What is needed is an exact copy of the lines from the line holding "22.2V 3200mAh 6S" through the end of the material, with no other lines and no pictures.

● **Data excerpt**:
# # # #
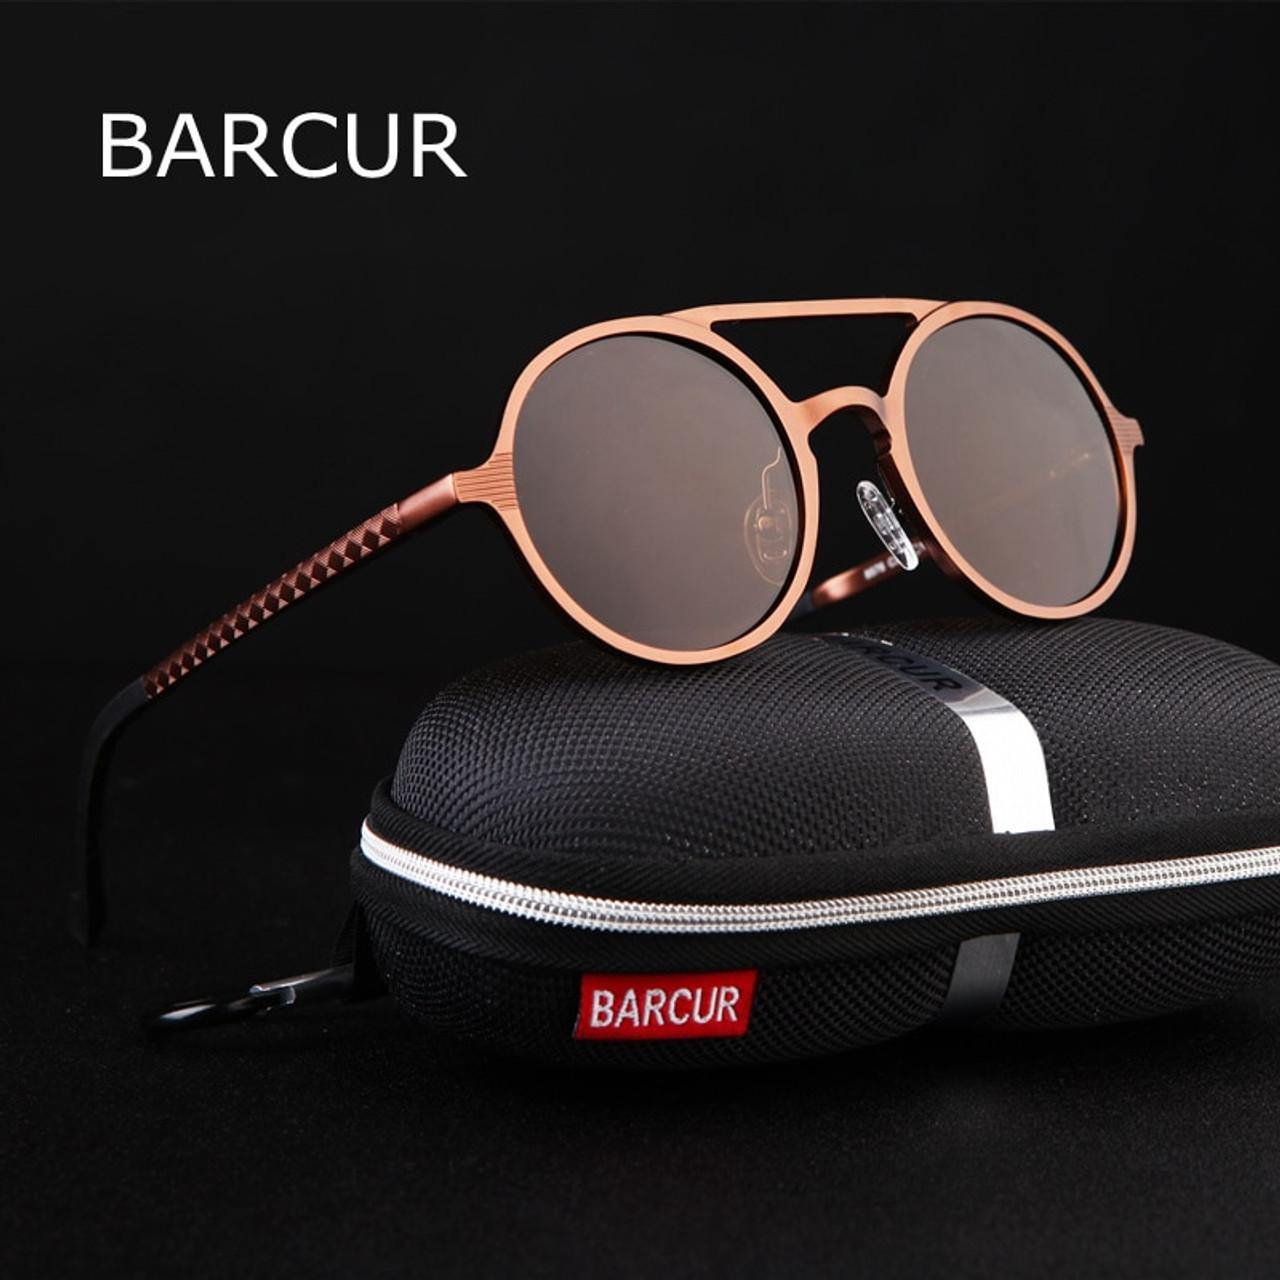 f76d620665 ... BARCUR Vintage Aluminum Magnesium Sun glass Men Polarized Sunglasses  Round Steampunk Shades Brand Designer Eyewear ...
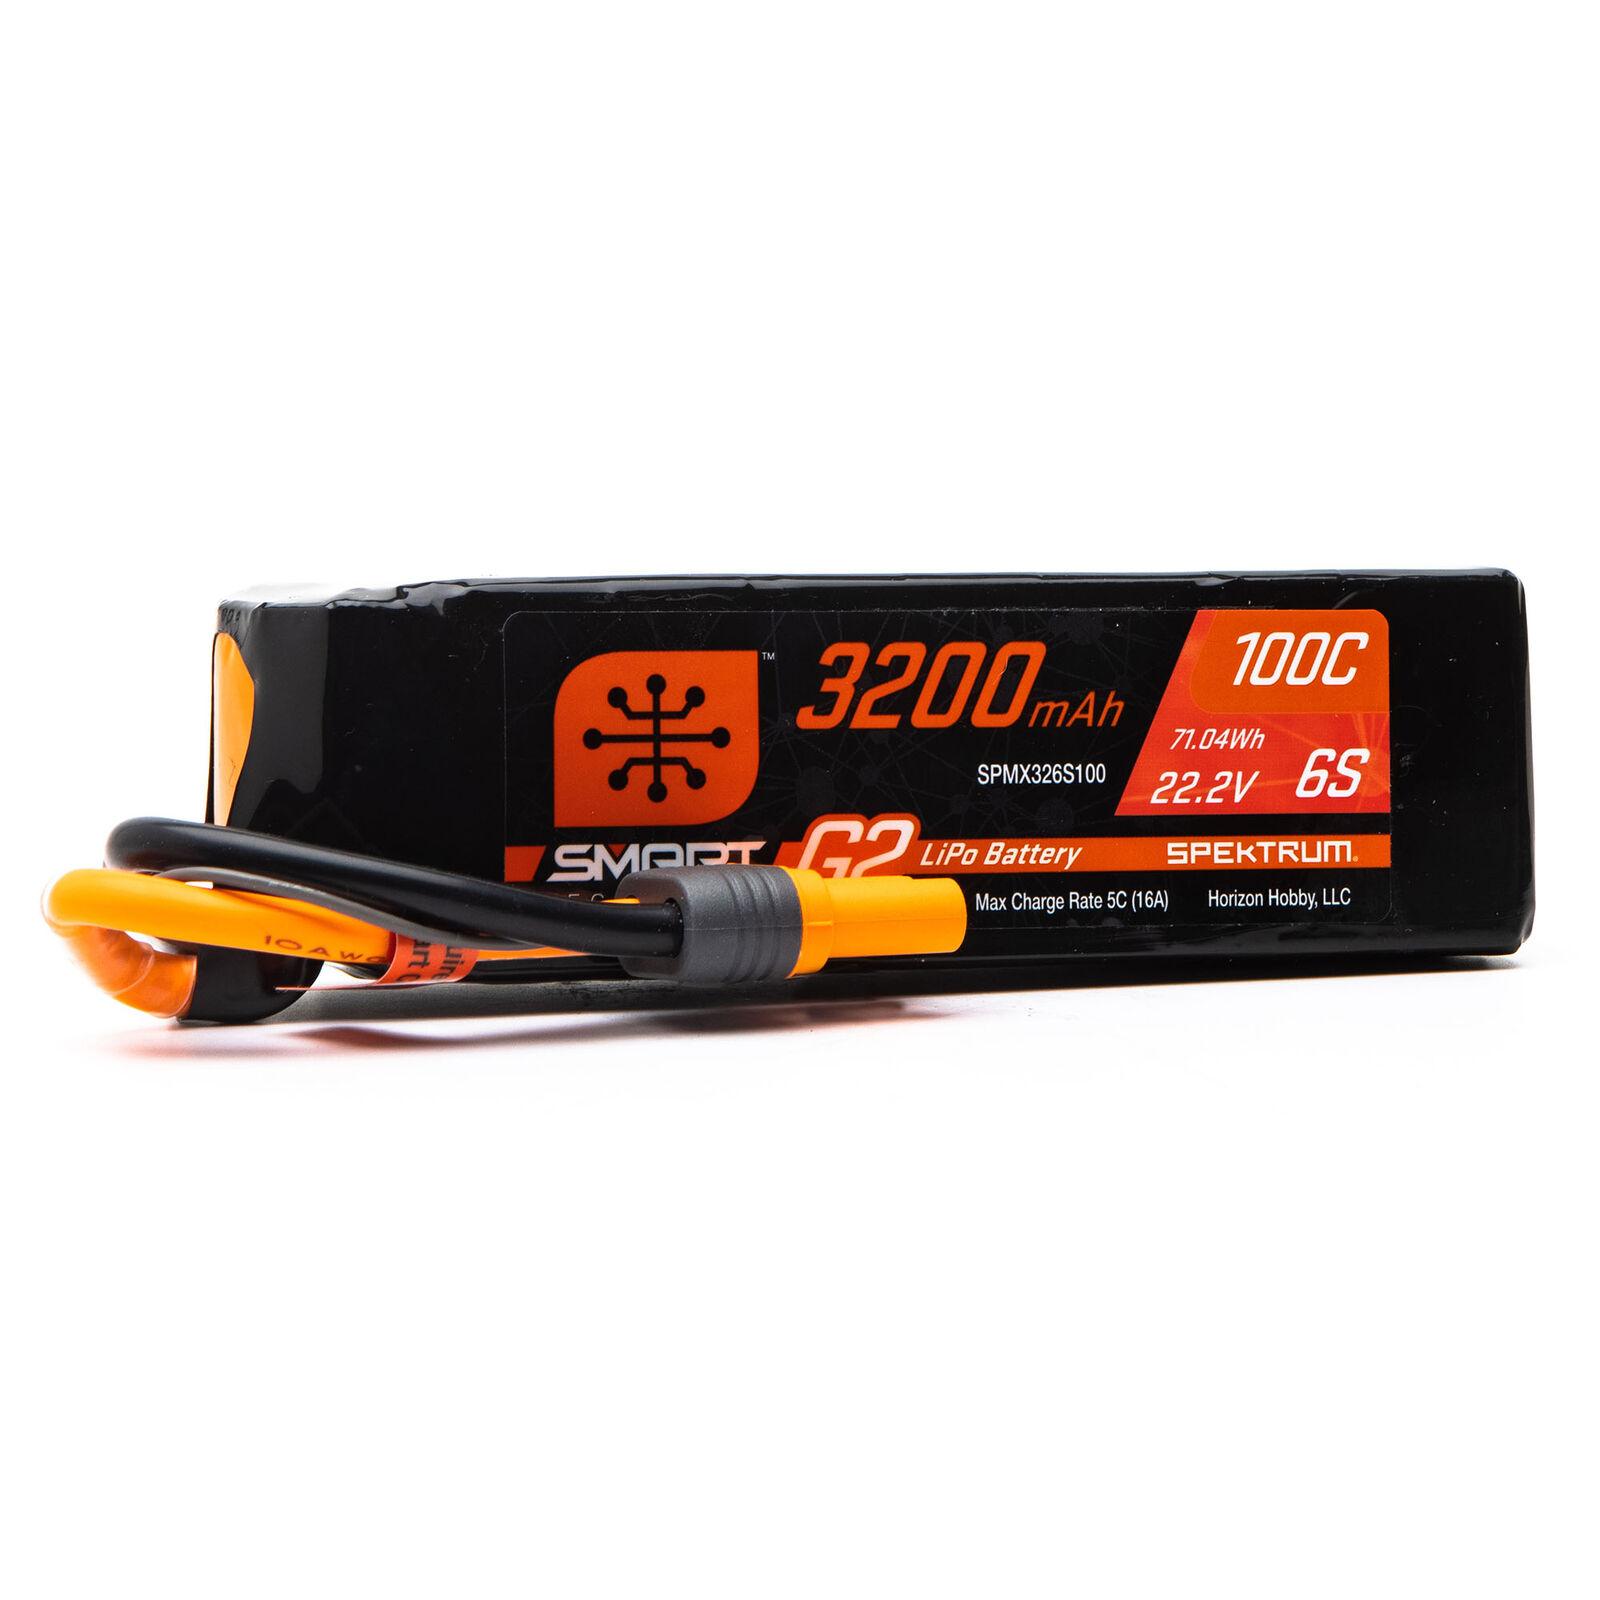 22.2V 3200mAh 6S 100C Smart G2 LiPo Battery: IC5
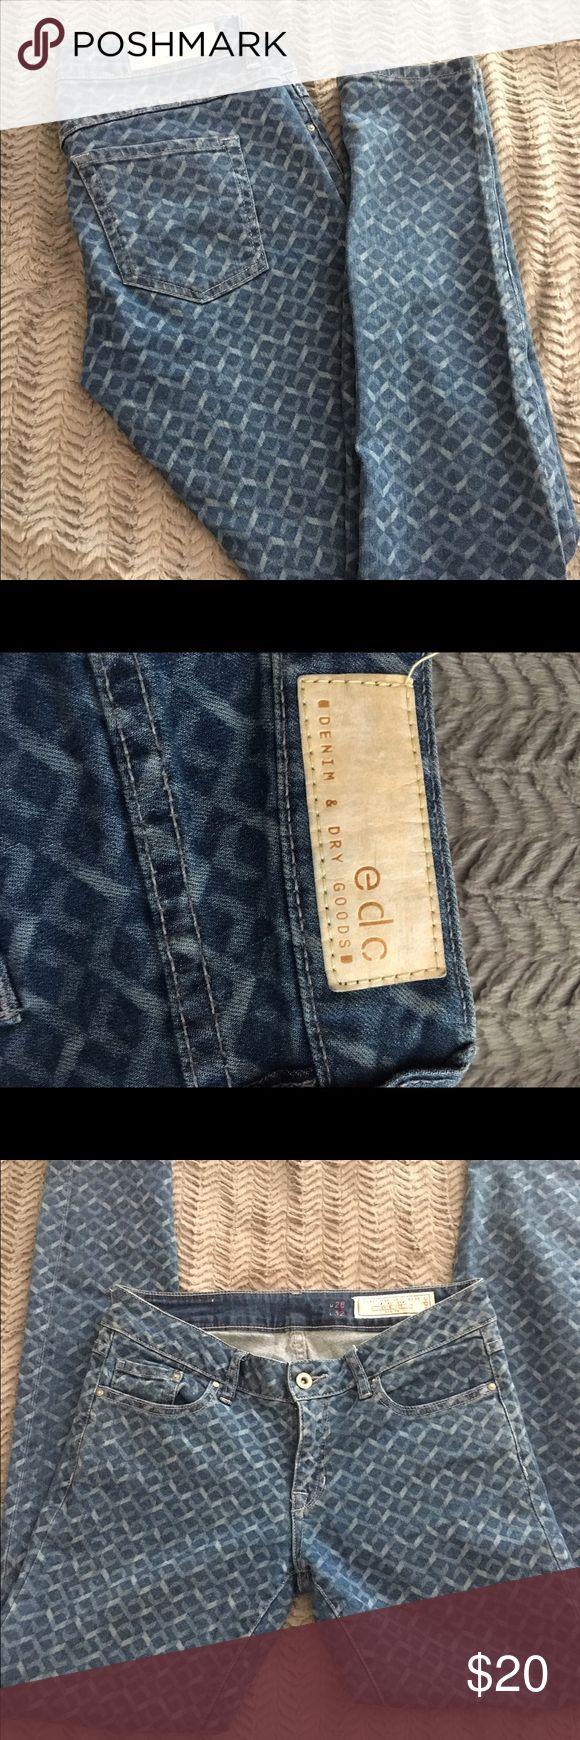 "edc denim & dry goods printed skinny jeans Like new. 99% cotton, 1% elastane. Approx. measurements: 15"" waist, 8"" rise, 32"" inseam. edc denim and dry goods Jeans Skinny"
# # # #
● **Answer section**:
 22.2V 3200mAh 6S 100C Smart G2 LiPo Battery: IC5
 "edc denim & dry goods printed skinny jeans Like new. 99% cotton, 1% elastane. Approx. measurements: 15"" waist, 8"" rise, 32"" inseam. edc denim and dry goods Jeans Skinny"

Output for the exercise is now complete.